What is it with Diets in January? I like creating healthy recipes and eating them, don’t get me wrong but why is it that when as soon as New years Eve is out of the way, people seemed to have consumed so many calories over Christmas, they must be the size of Brazil by now!
I don’t actually eat that much over Christmas, maybe the wrong type of foods yes but never anymore than normal really. I can’t afford much more! I say eat in moderation, have a balanced diet. Plus that way you get a wide range of foods and with the added cheeky treat.
So I thought my readers I’d share a recipe I did back in the summer of last year that isn’t super healthy but has a lot of benefits in it thats better than a Pork pie…Ooh any of that left?

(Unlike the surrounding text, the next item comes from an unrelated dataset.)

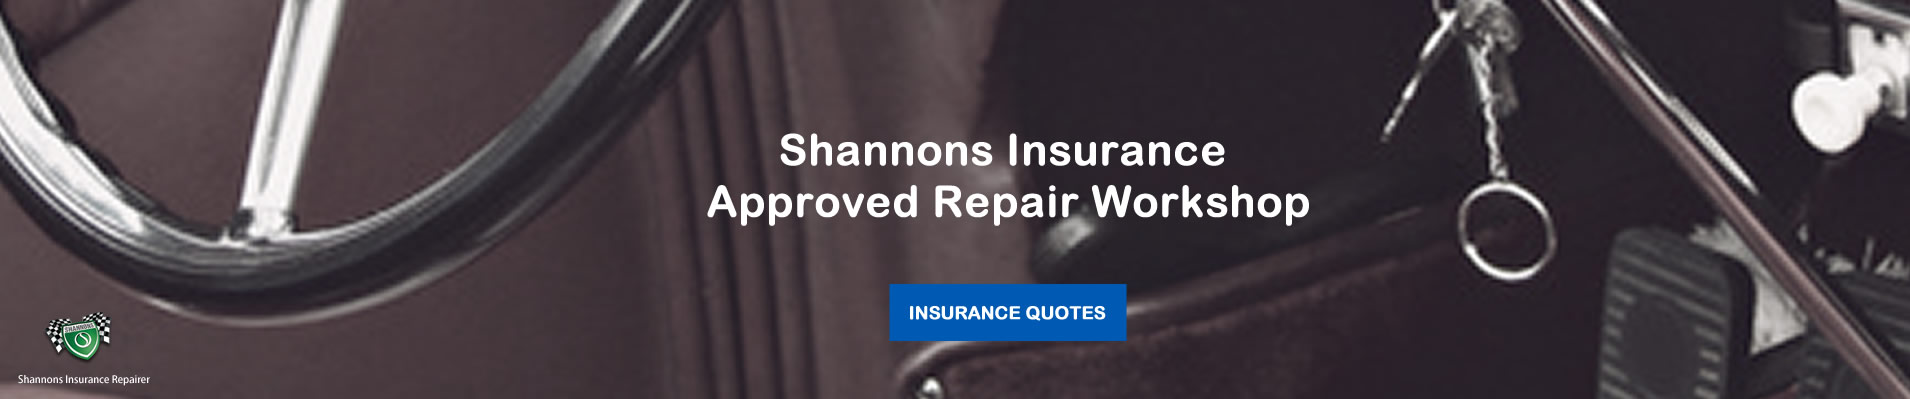 Shannons insurance approved repair workshop

This Jamaican marinade has so many different versions all over the world, from Grandmas recipe that has been passed down the years in a Caribbean household to such as my recipe here which I have created. Some may argue it isn’t a true Jerk recipe but its one I have been doing for sometime now and it never fails to impress people.
With Jerk recipes, some are dry and some are wet. I have gone for the more wet and sticky version so be prepared as you wont be able to eat this elegantly.
The many times I have done this dish, I’ve served it with wedges, sweet potato, rice and coleslaw, ( not all at once) however it was now time for a real fruity kick of a salsa and you can’t get more refreshing than this with the added cucumber. The coconut oil adds a real sheen and added class to it. You could even use fresh coconut in there, finely grated or sliced.
A comforting dish still for January but with some added healthy Oomph as well.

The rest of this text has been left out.